How Much do we Know About the Findings of 22q11.2 Deletion Syndrome?: A Single-Centre Study with 11-Year Follow-Up

Year 2020, Volume: 4 Issue: 2, 114 - 117, 01.06.2020
https://doi.org/10.30621/jbachs.2020.987

Abstract

Purpose: 22q11.2 deletion syndrome is a contiguous gene deletion syndrome with multisystem involvement characterized by cardiac defects, immunodeficiency and hypocalcemia.
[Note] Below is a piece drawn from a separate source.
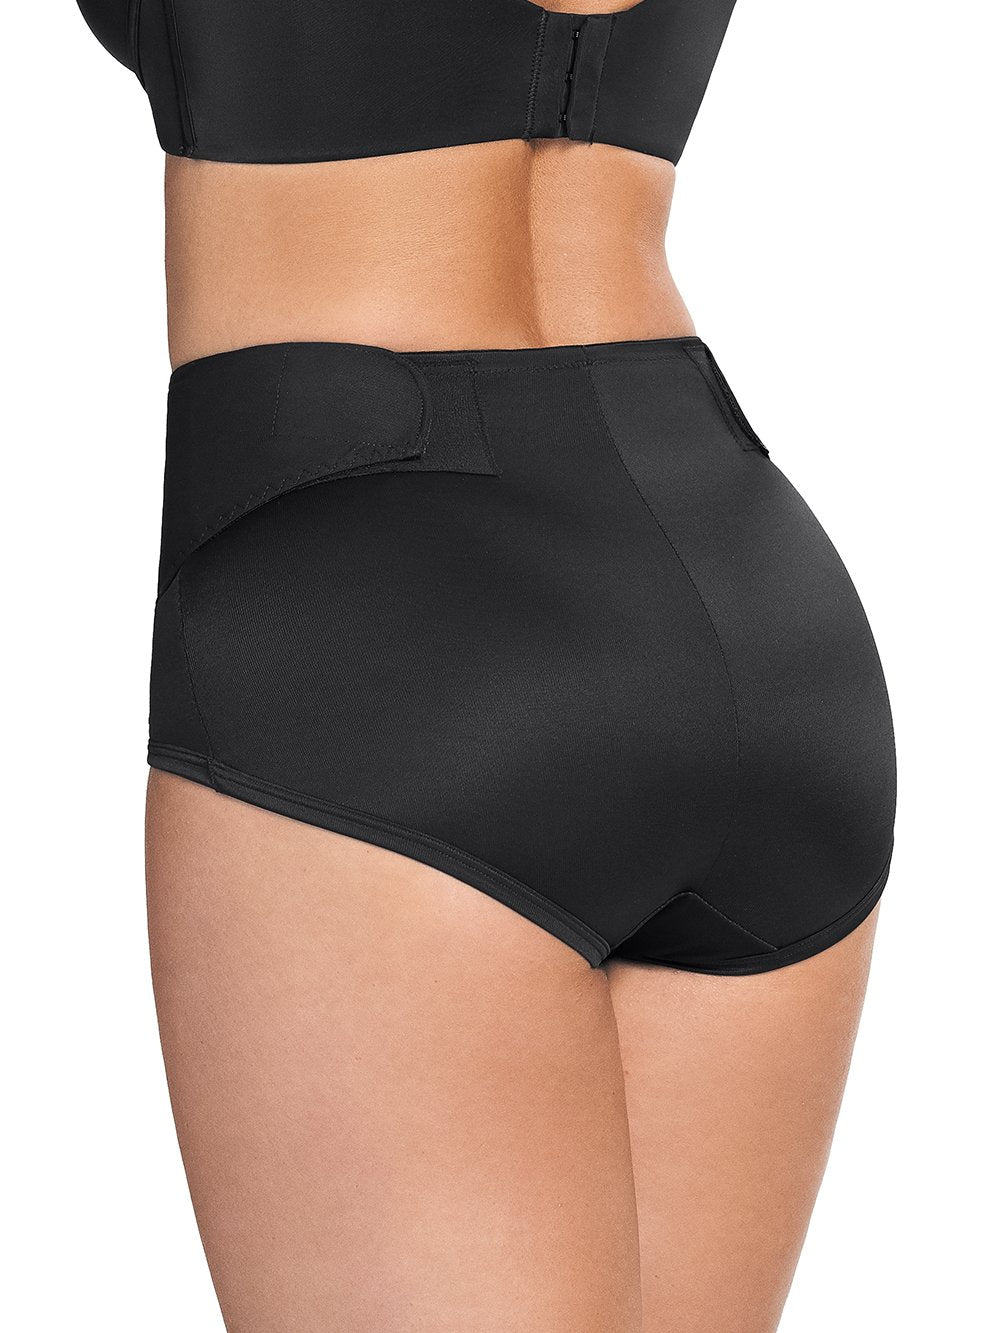 40 D Bra for Women Postpartum Compression Underwear Black Lingerie Bras for  Women Full Coverage Black Lingerie Sexy Plus Size Lingerie 3X Nude
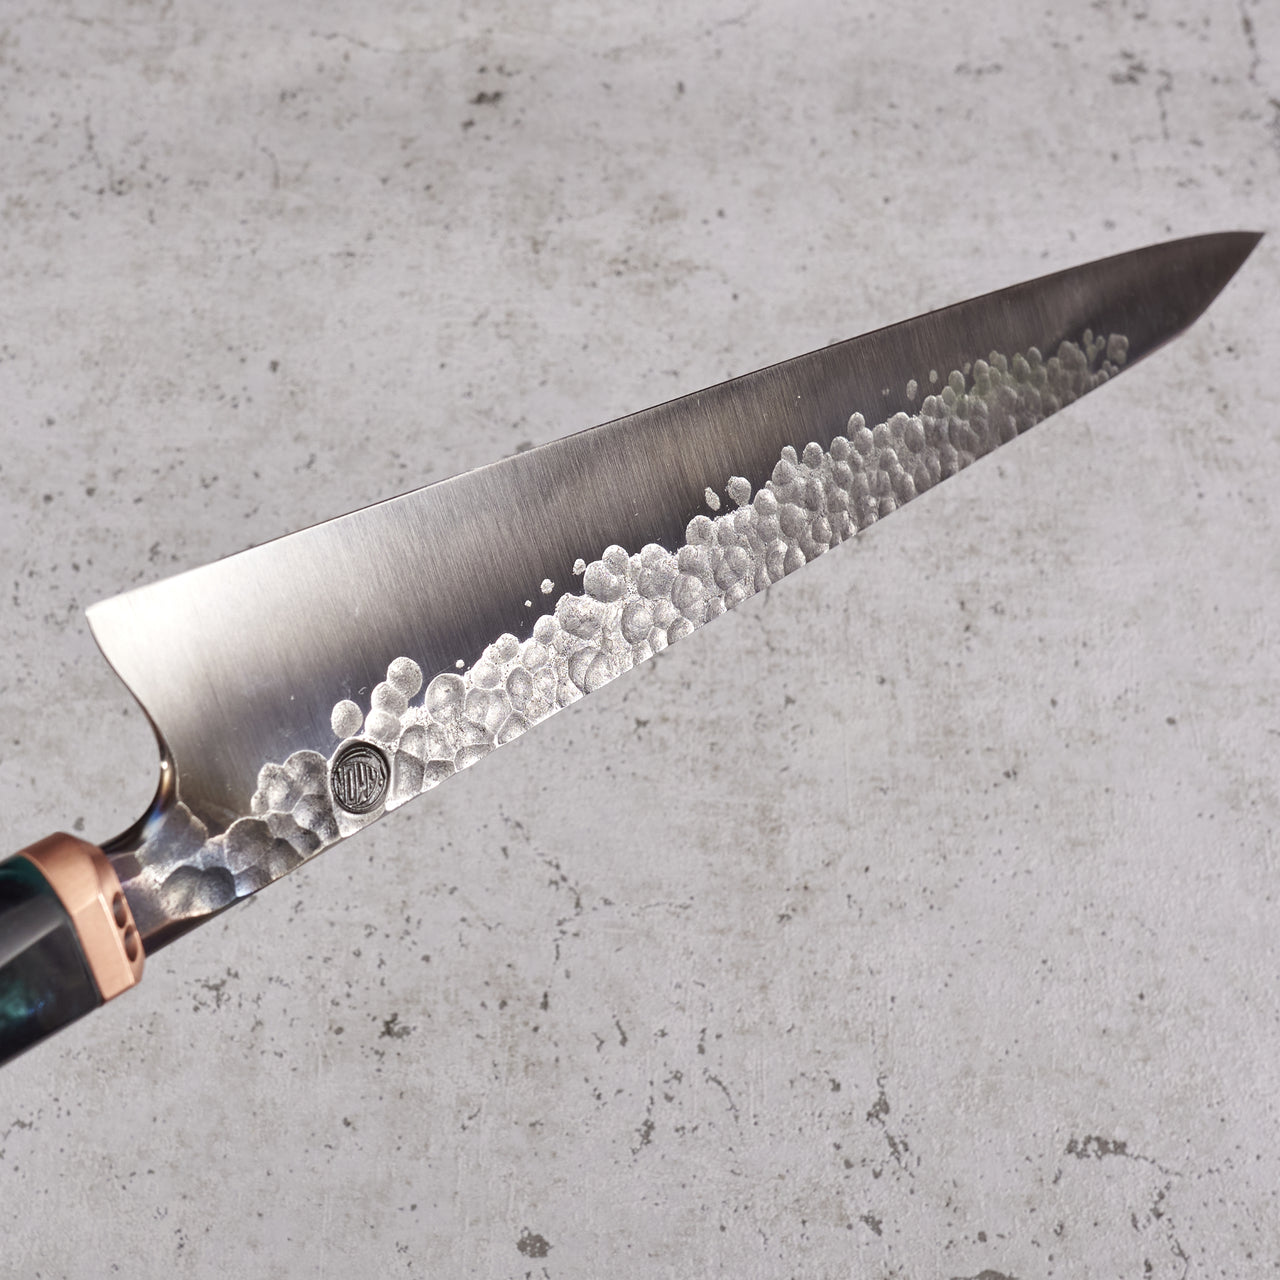 Kamon Knives Sujihiki 340mm Denty Kurouchi 1.2519 - Profile

Variable expression and a wide range of clinical findings make it difficult for clinicians to decide on the test. Methods: Evaluation was made of the clinical findings of patients who underwent the FISH test for 22q11.2 deletion syndrome between 2006 and 2017. Results: Of the 180 patients, 152 84.45% had cardiac defects, 5 2.78% had immune defects, 132 73.4% had dysmorphic findings and 52 28.89% had growth / developmental delay. Ten patients had 22q11.2 deletion syndrome 5.56% and 9 of these had cardiac defects. Hypocalcemia was present in 5 50% patients and only one patient had immunodeficiency. Conclusion: In this study, the accuracy of the indication was evaluated retrospectively based on the clinical findings of patients who underwent FISH analysis for 22q11.2 deletion syndrome. In cases with congenital cardiac defects, although 22q11.2 deletion syndrome is one of the possible diagnoses of the clinician, a detailed examination of the defect type before testing will increase the diagnosis rate. It should be kept in mind that this syndrome should be considered in the presence of major findings such as immunodeficiency or hypocalcemia

References

  • 1. DiGeorge AM. Congenital absence of the thymus and its immunologic consequences: concurrence with congenital hypoparathyroidism. In: Birth defects: immunologic deficiency diseases in man. 4. National Foundation–March of Dimes, White Plains (NY); 1968:116 (Original Article Series, vol. IV:116-21).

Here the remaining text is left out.